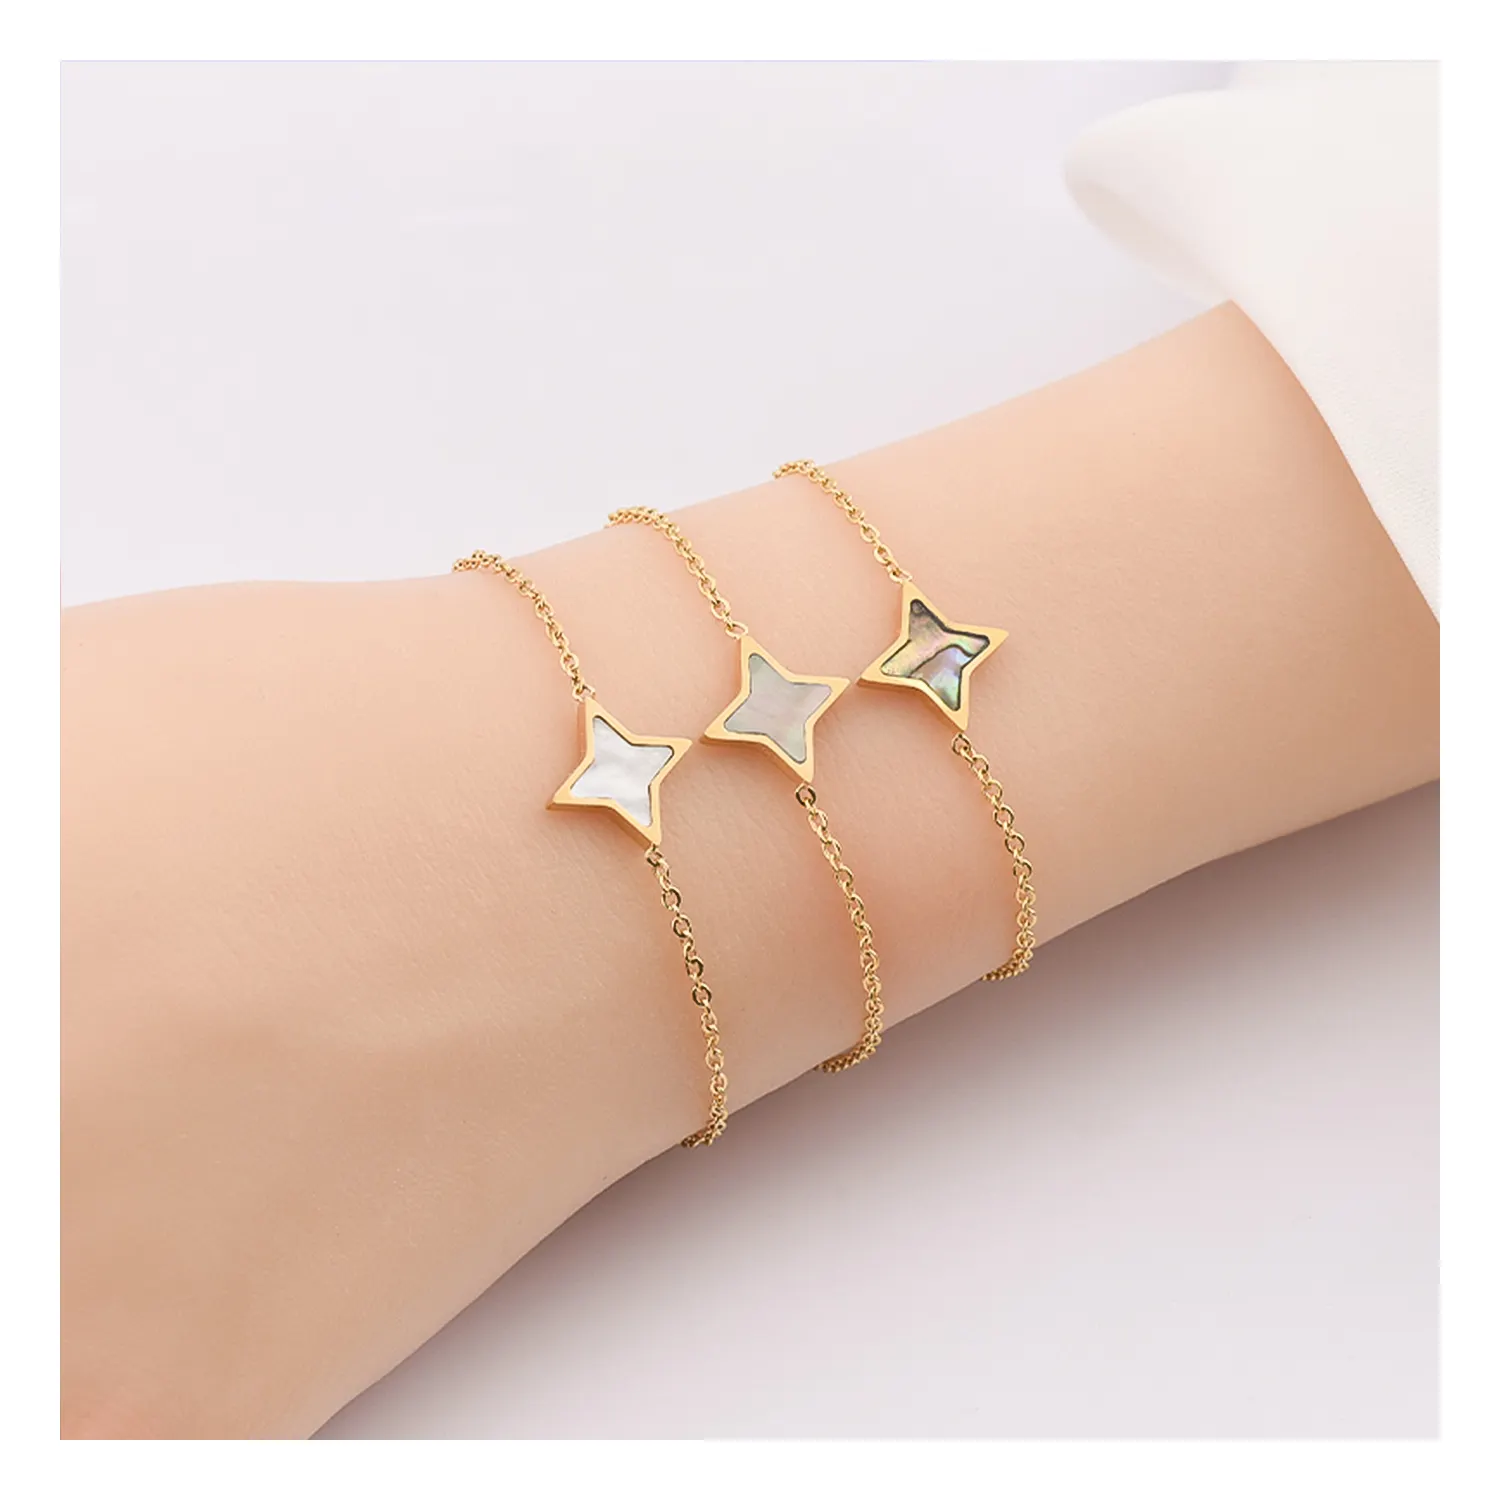 2020 hot sale stainless steel meaningful compass faith jewelry stone bracelet set natural gold color for women for girls
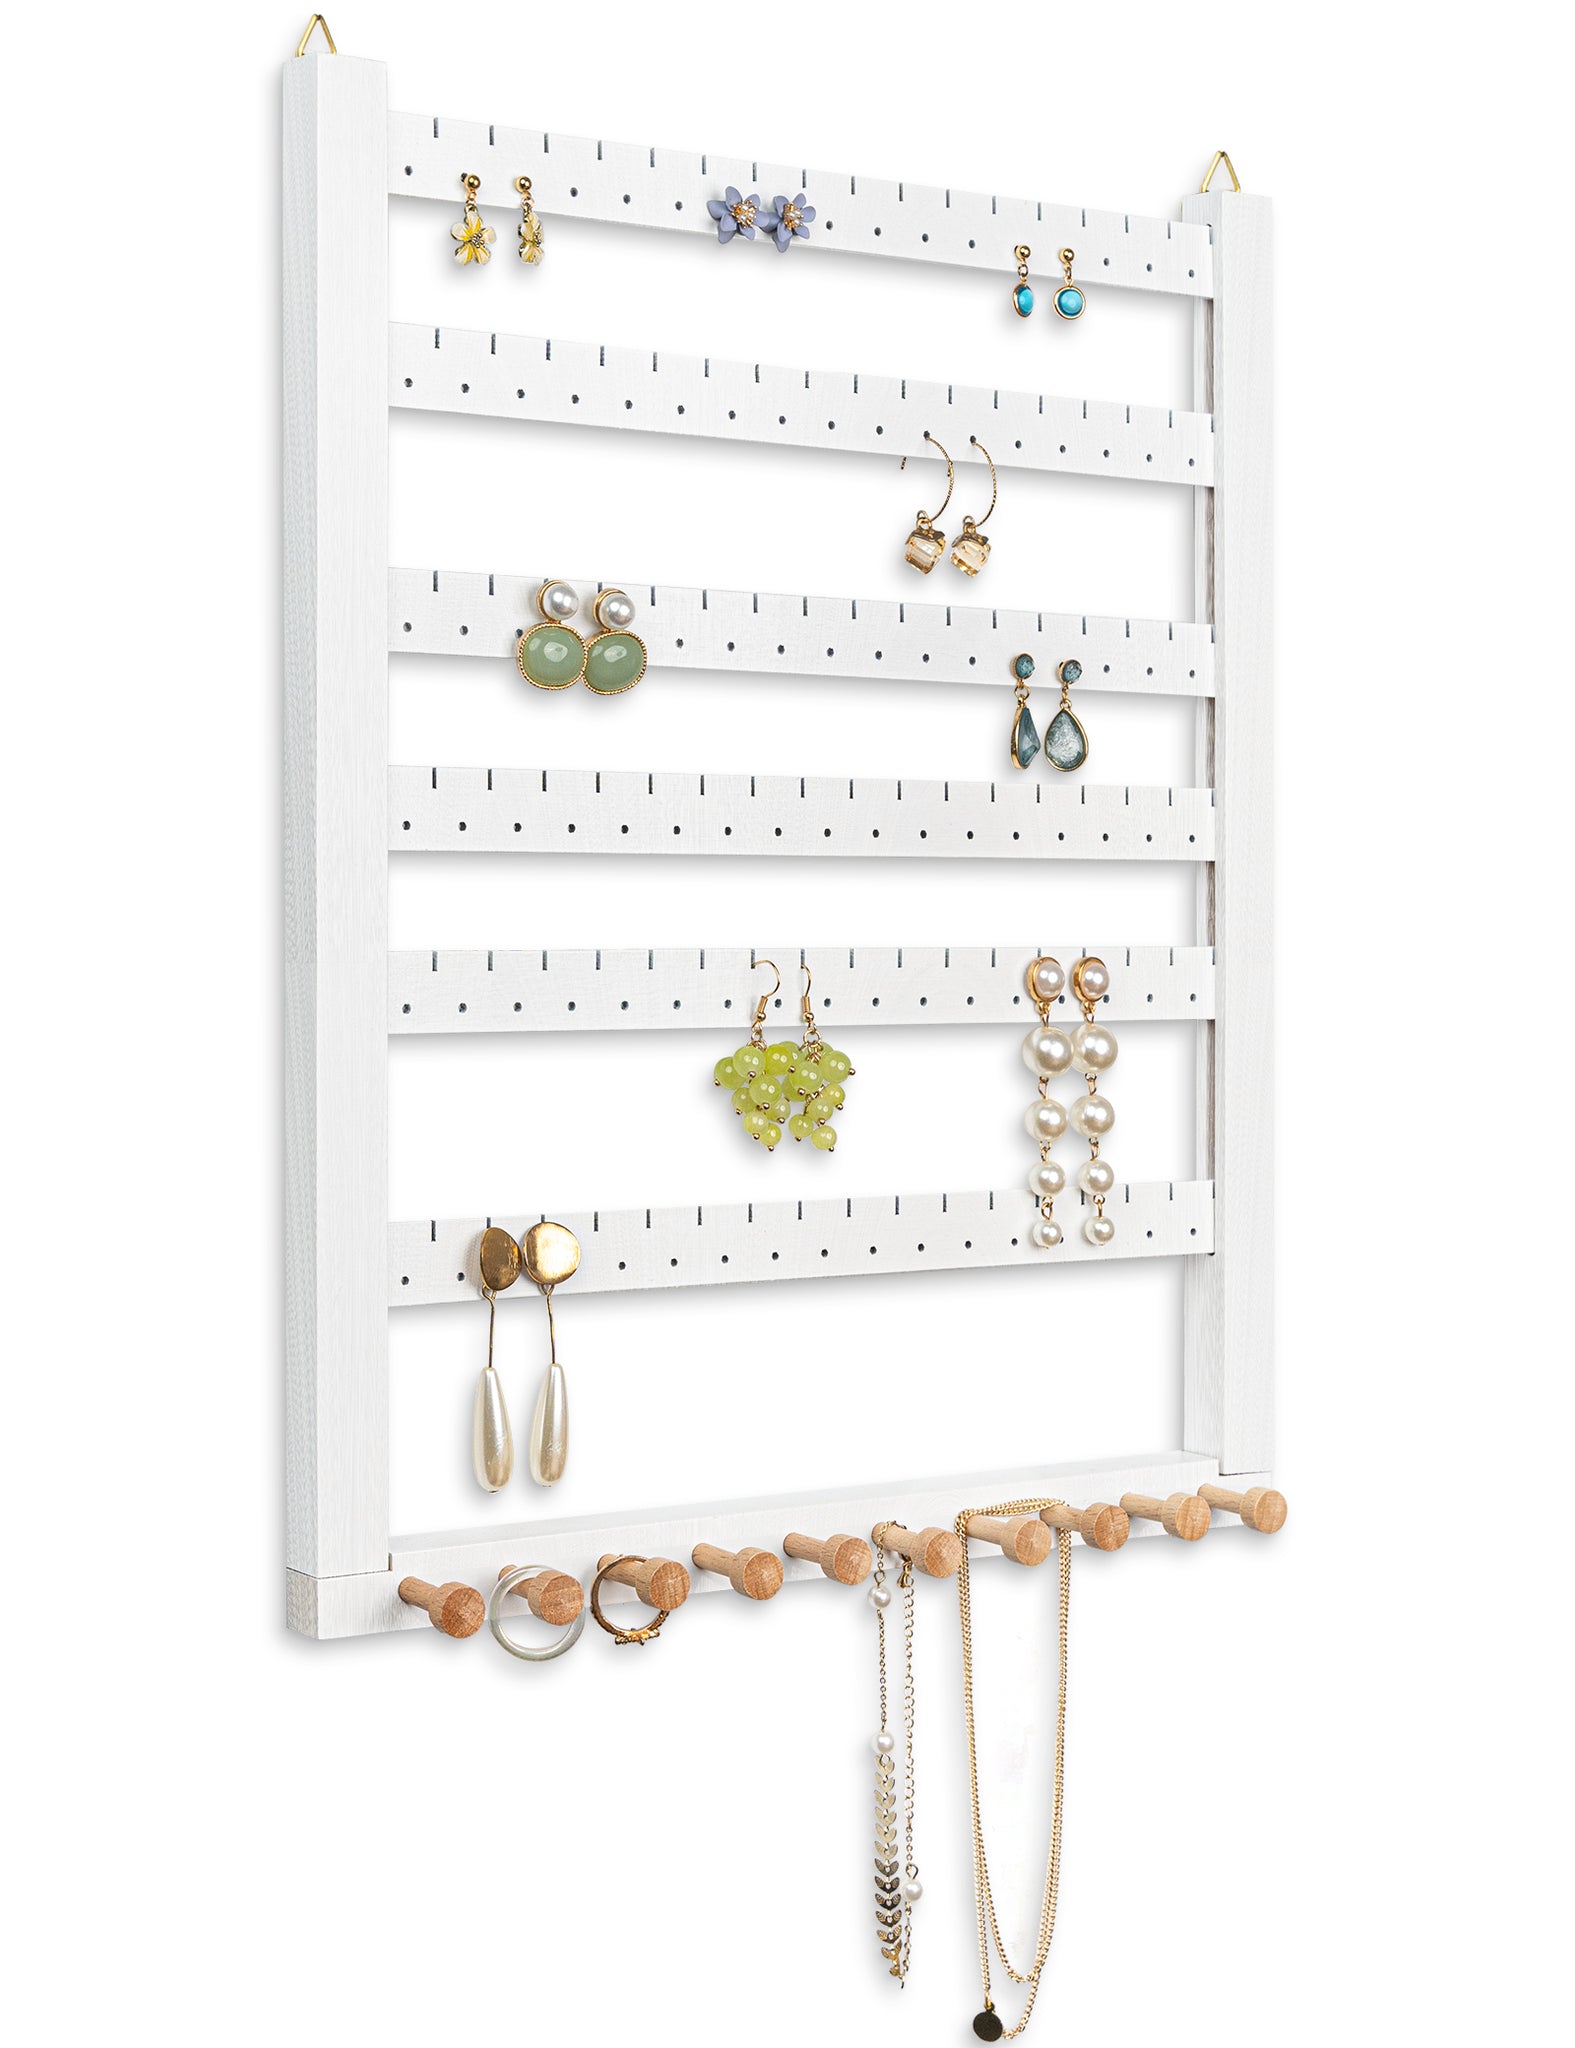 Jewelry Display Earring Organizer, Hanging, Peruvian Walnut, Wood. Holds 36  Pairs, 15 Peg Necklace Holder. Wall Mounted Jewelry Holder 
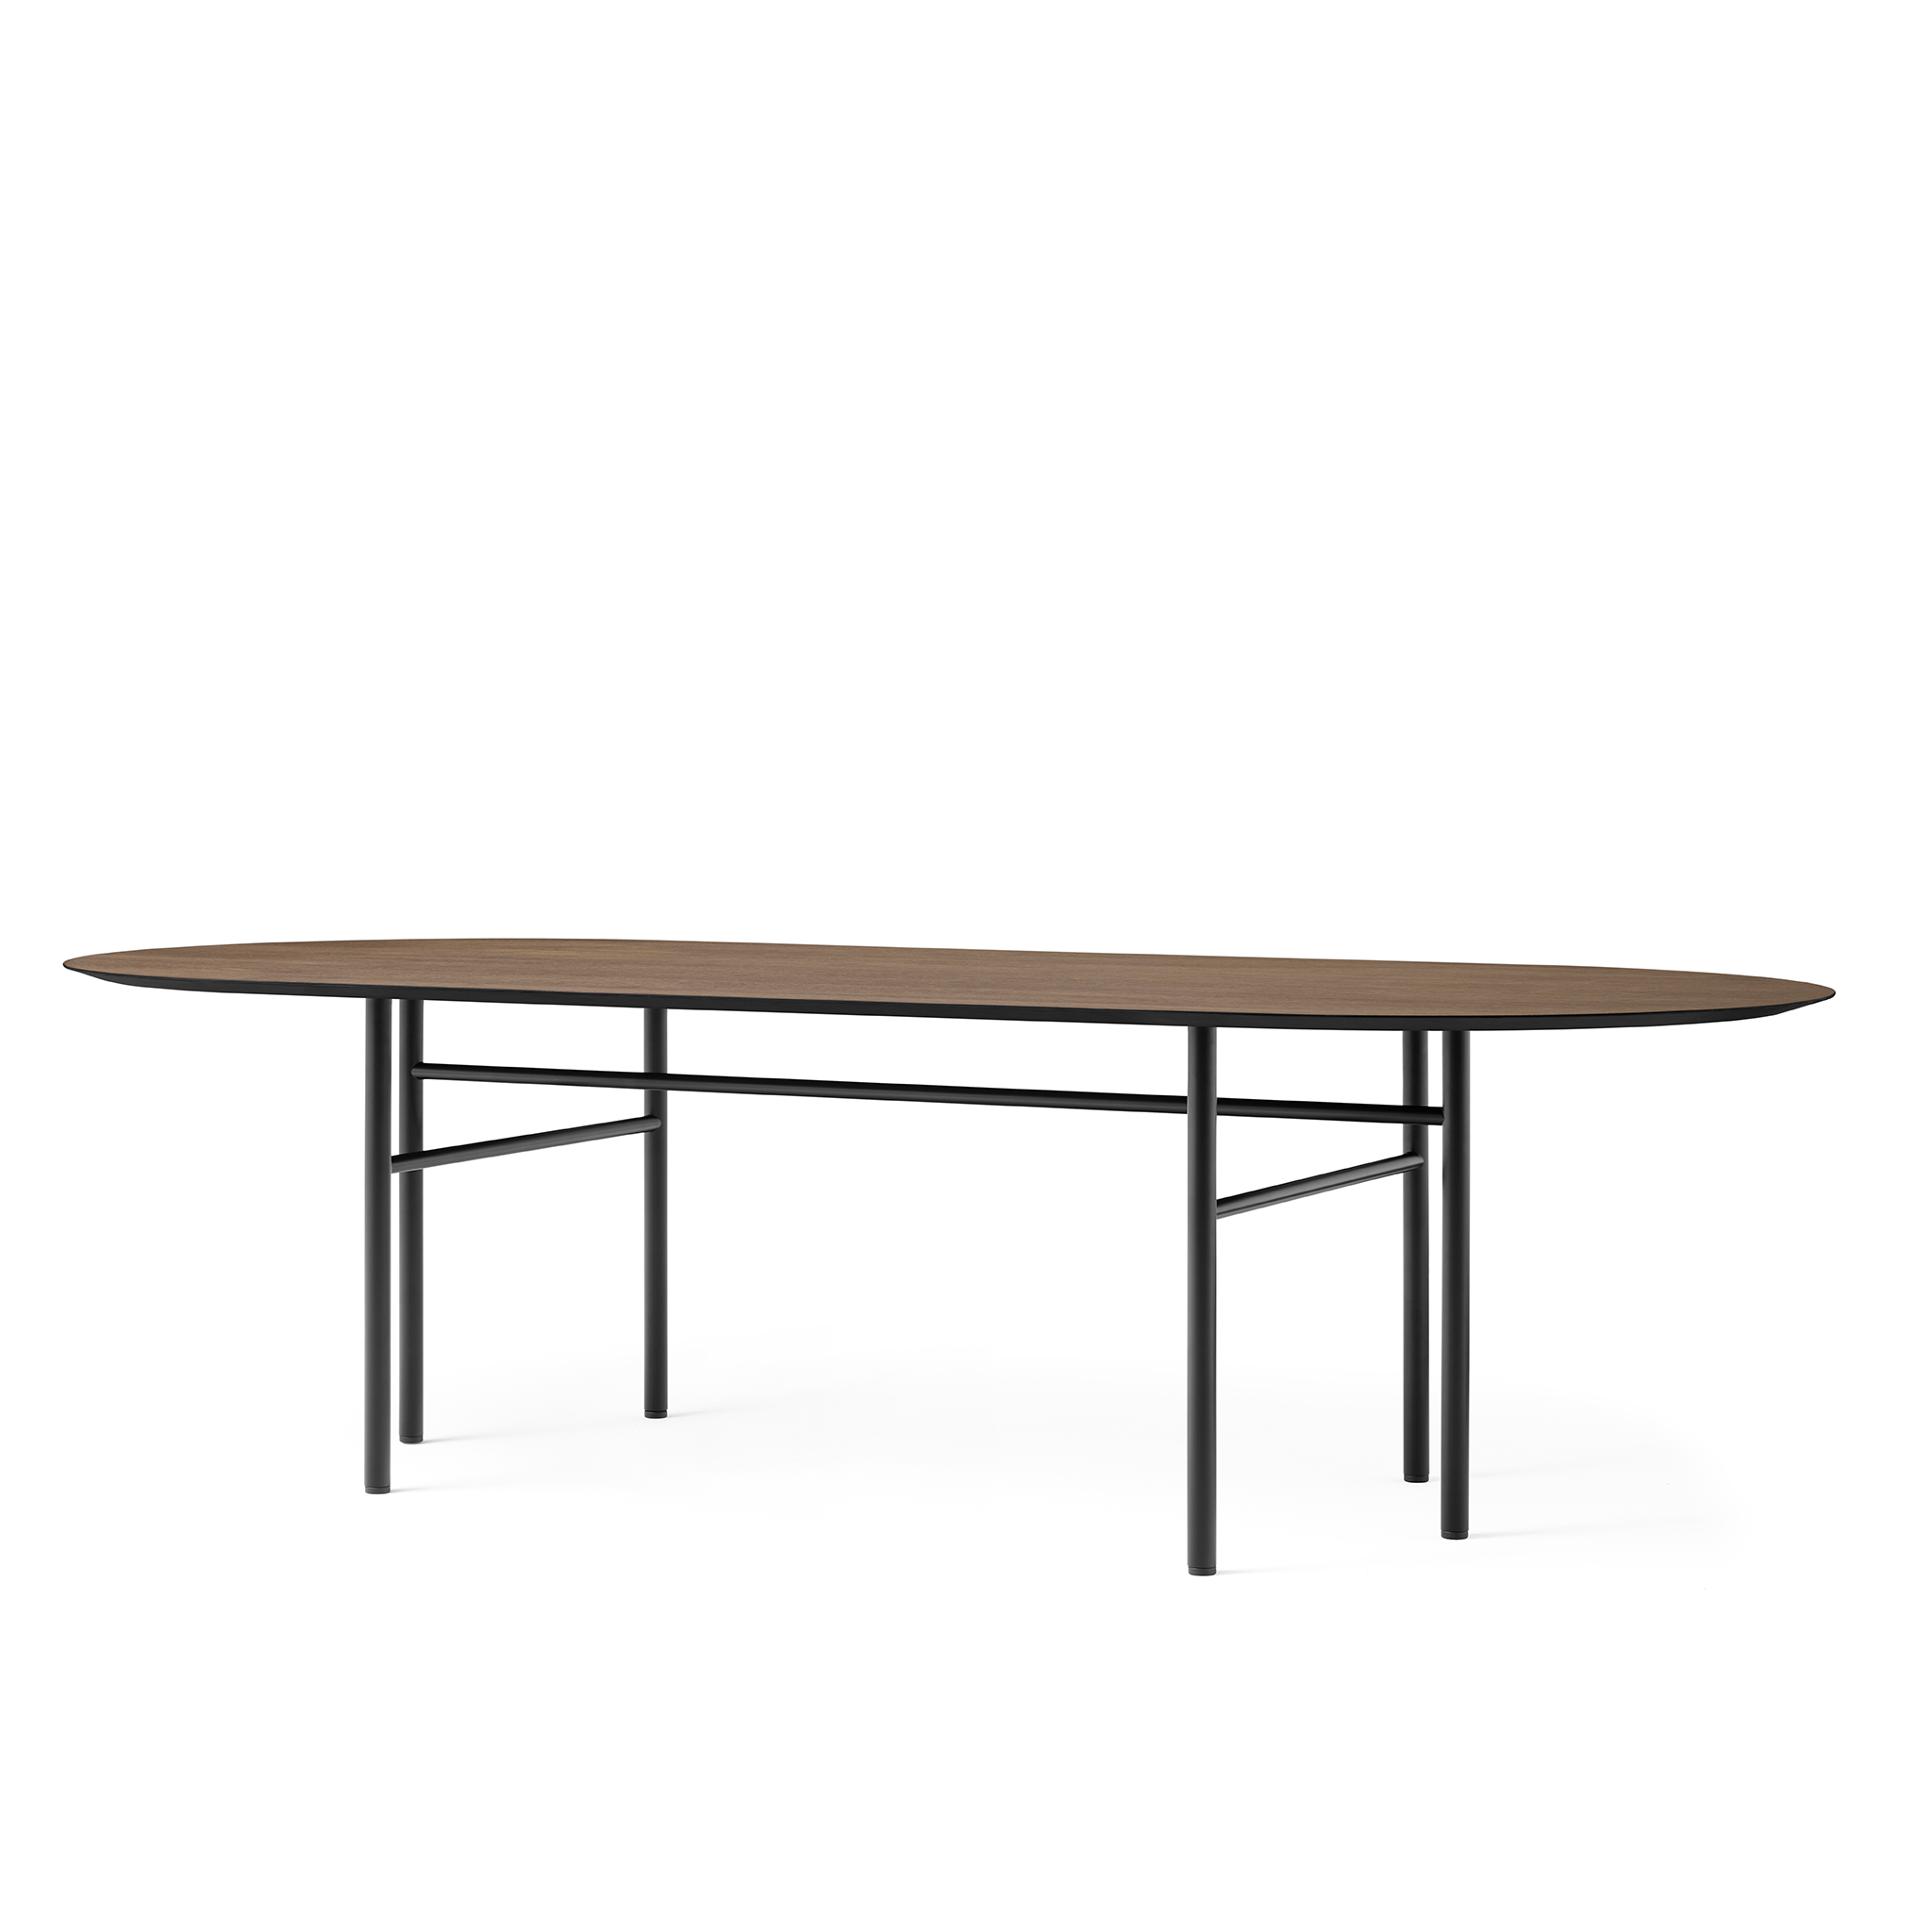 Snaregade Table Oval by Norm Architects
━━━━
[What this task involves] Reproduce the material in full, word for word, and omit the pictures.

[Answer box]
 2020 hot sale stainless steel meaningful compass faith jewelry stone bracelet set natural gold color for women for girls
 Jewelry Display Earring Organizer, Hanging, Peruvian Walnut, Wood. Holds 36  Pairs, 15 Peg Necklace Holder. Wall Mounted Jewelry Holder 
 Snaregade Table Oval by Norm Architects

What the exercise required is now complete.